_Dataset content:_
———

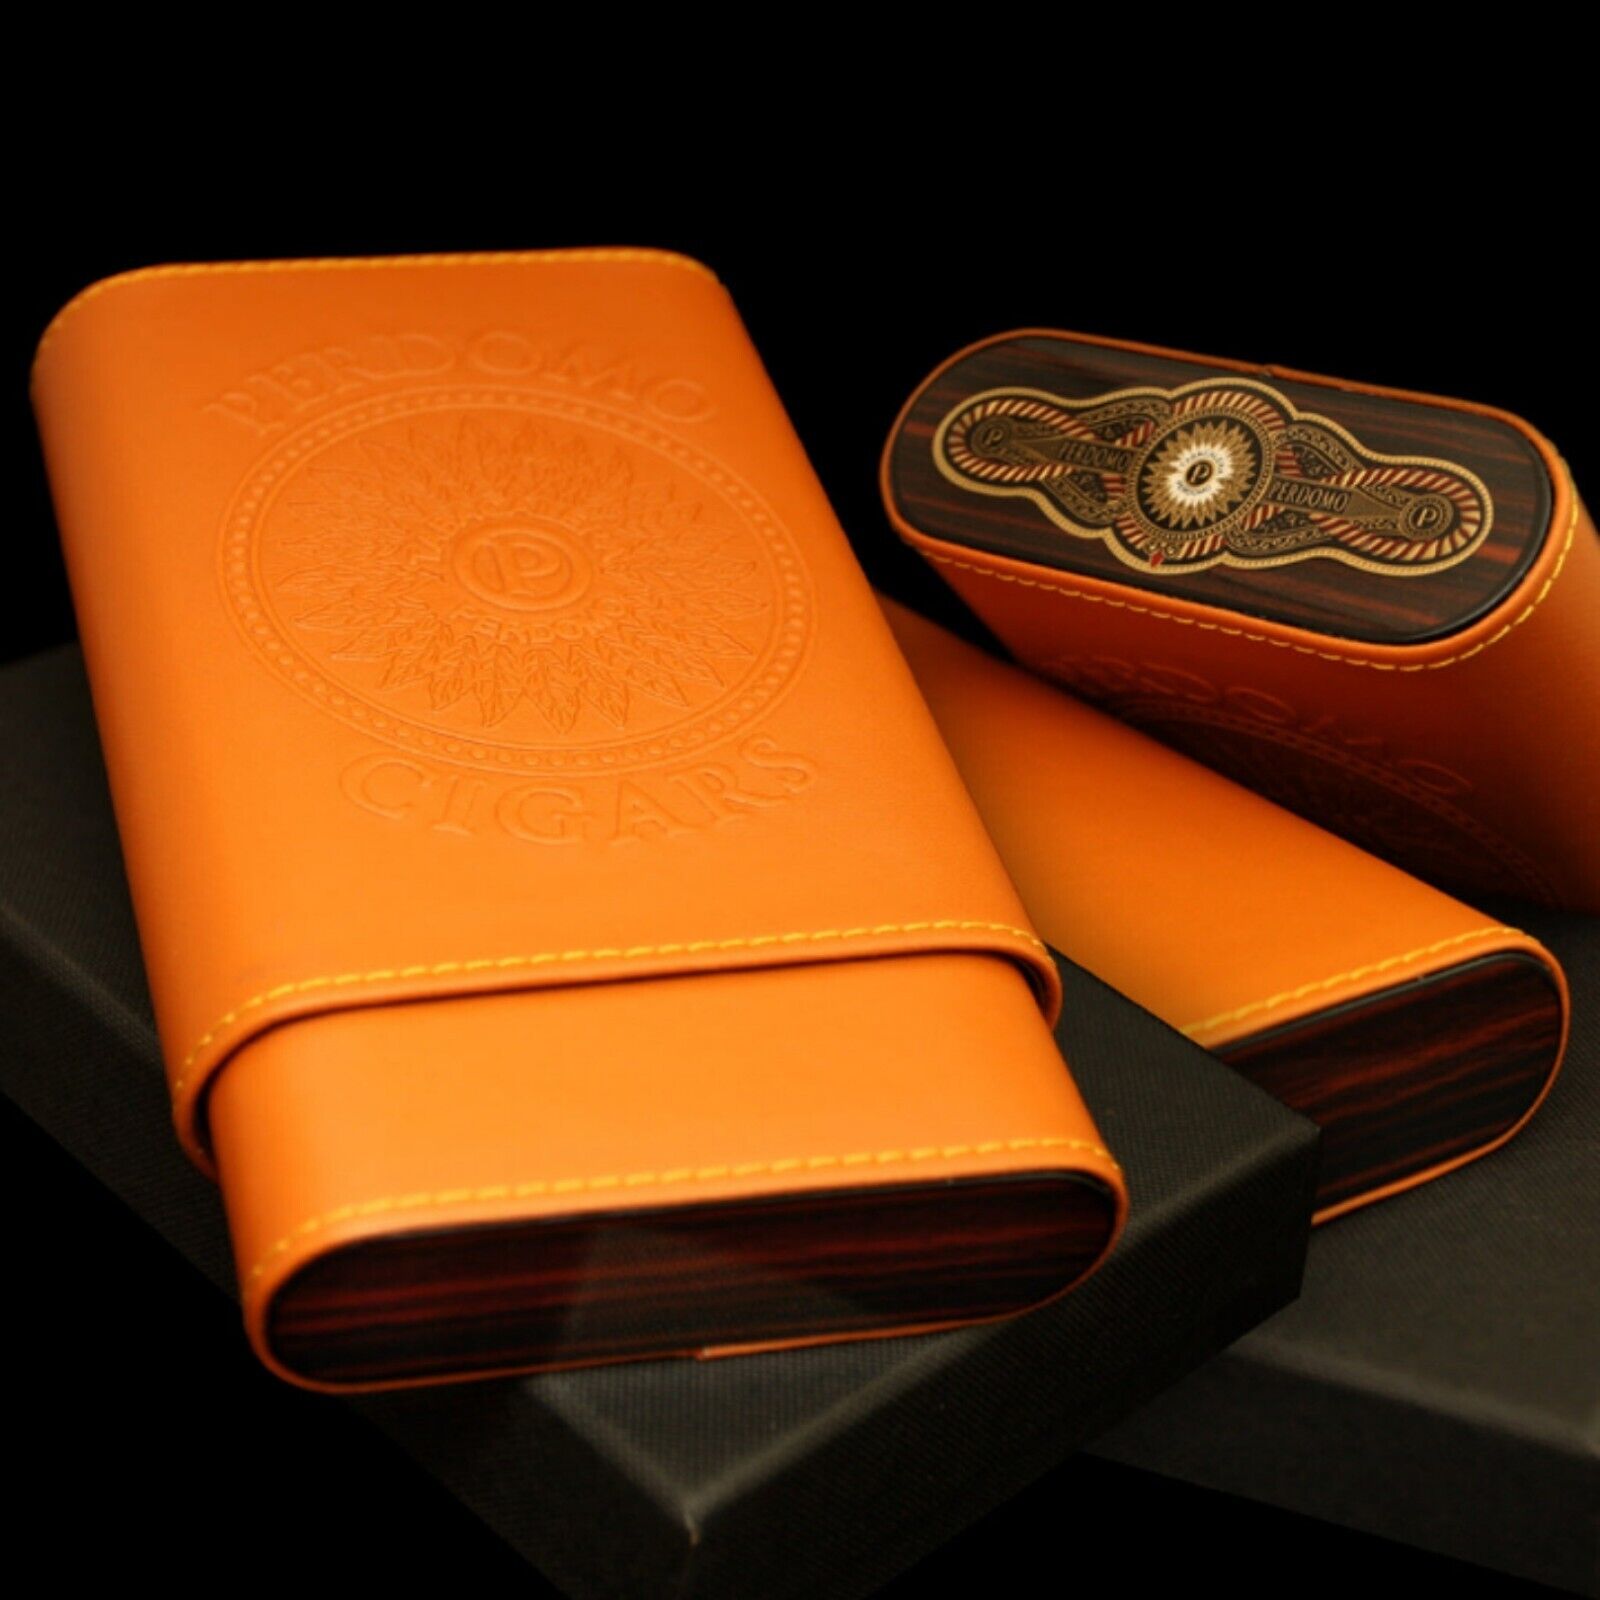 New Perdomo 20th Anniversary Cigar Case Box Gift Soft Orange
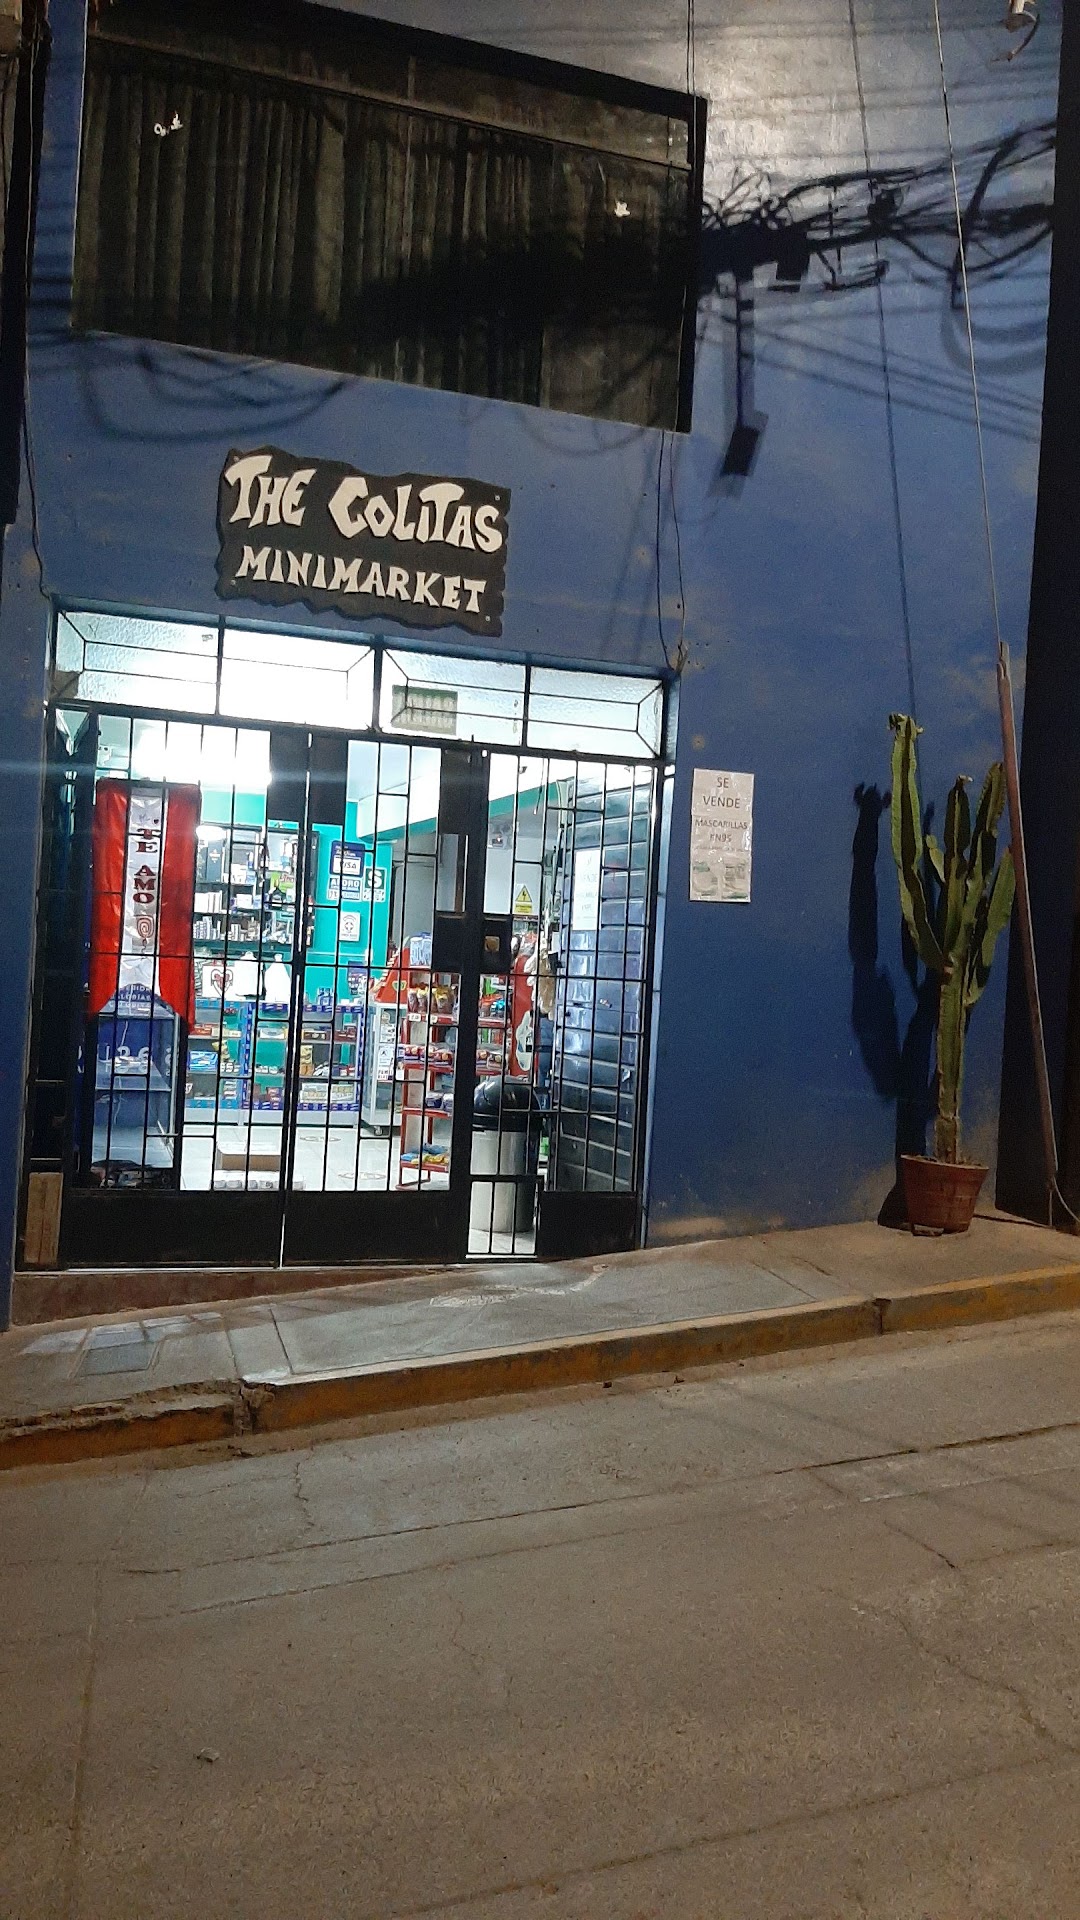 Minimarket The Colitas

———

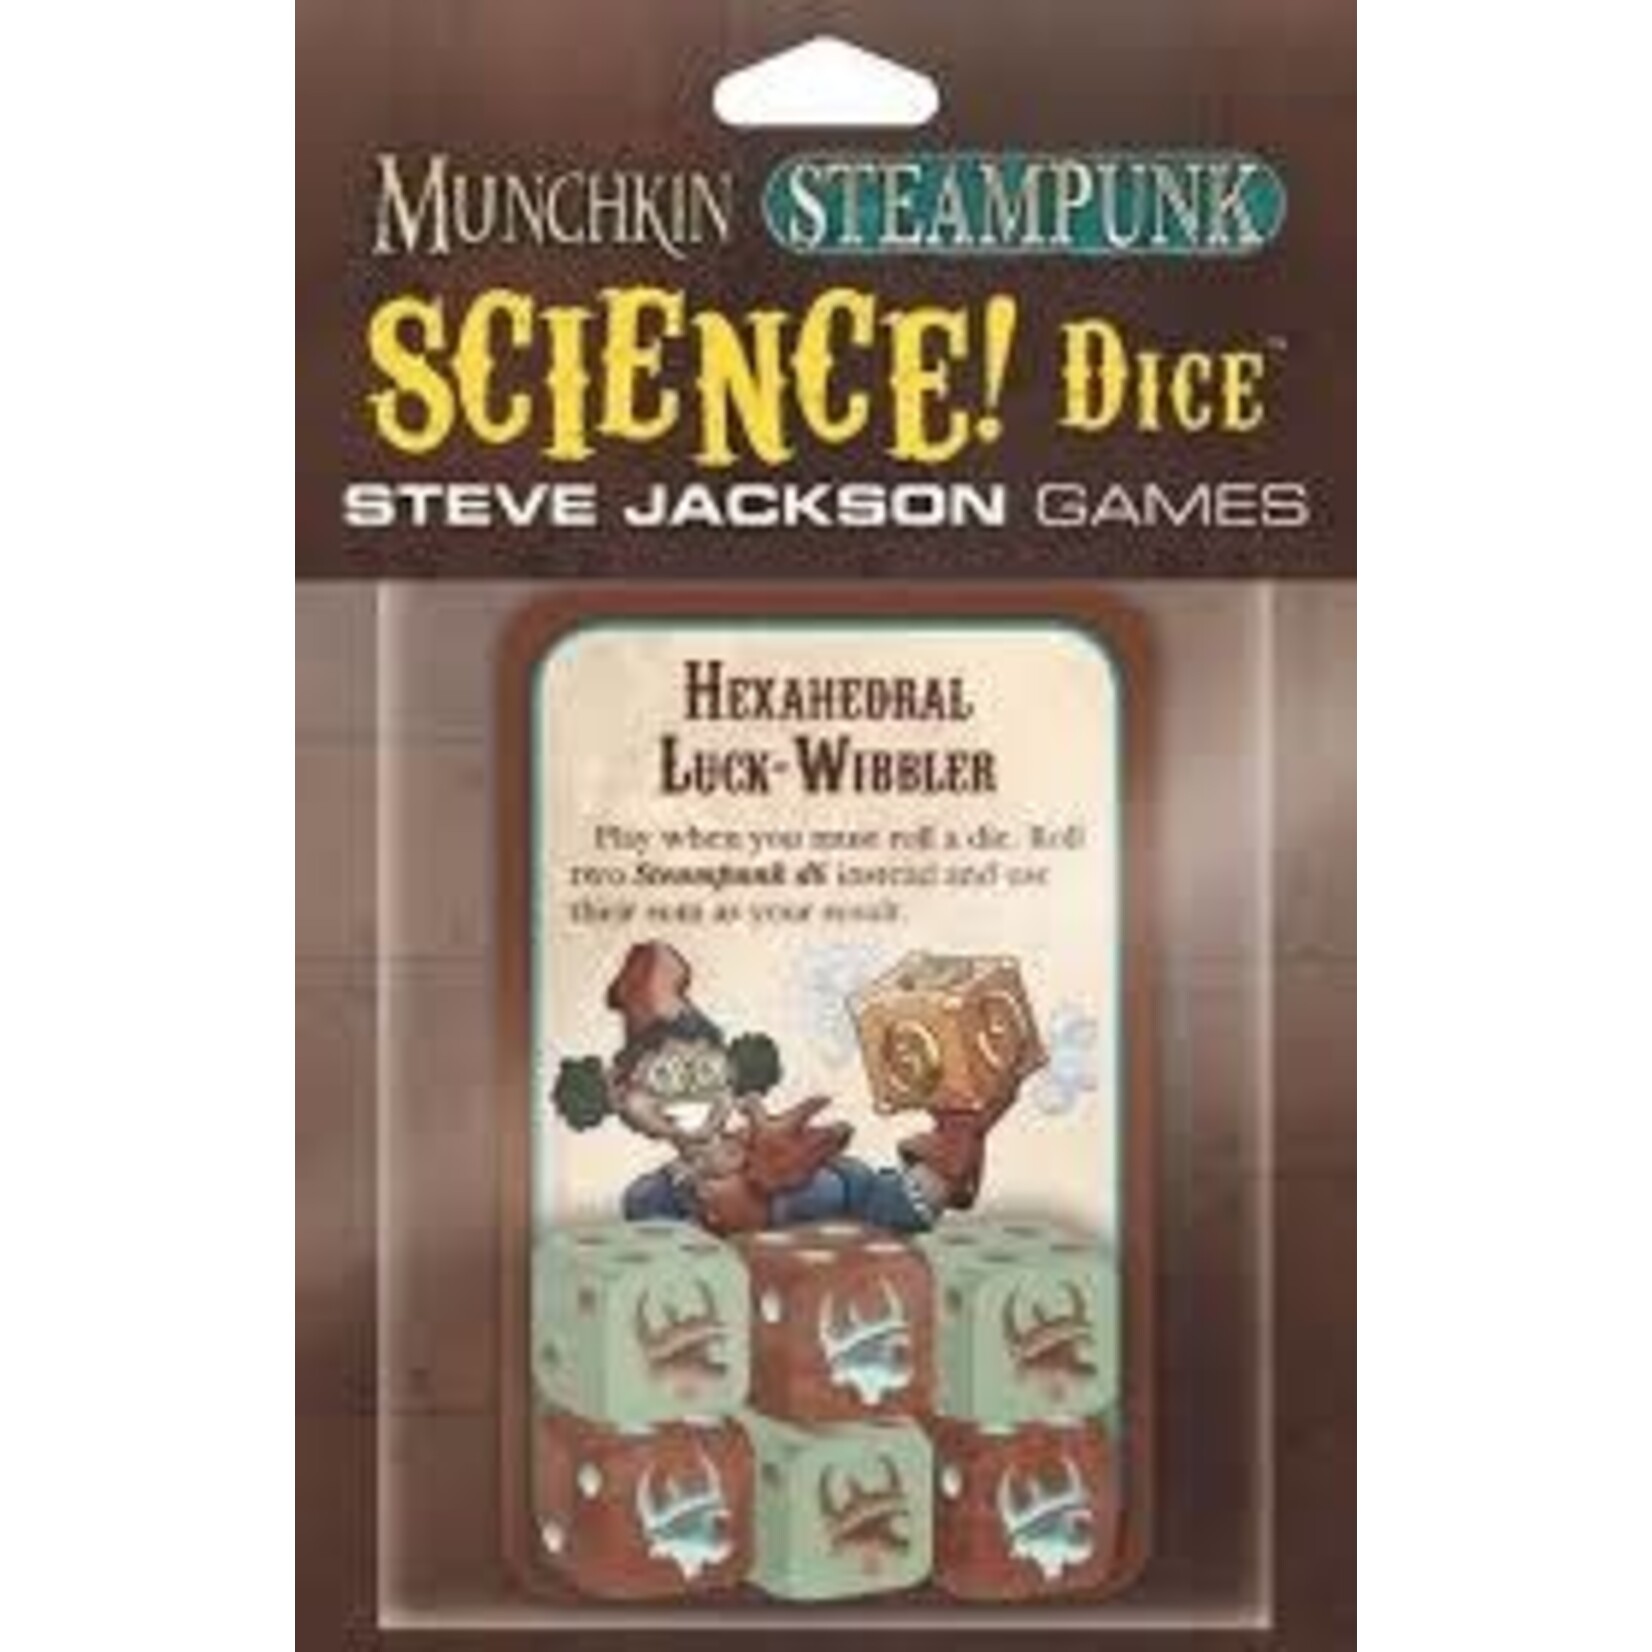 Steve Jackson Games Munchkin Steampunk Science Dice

———

_Task instructions:_
The reply should hold the entries above from the line with "New Perdomo 20th" to the line with "Minimarket The Colitas", duplicated exactly, pictures excluded.

_Answer for this exercise:_
 New Perdomo 20th Anniversary Cigar Case Box Gift Soft Orange
 Minimarket The Colitas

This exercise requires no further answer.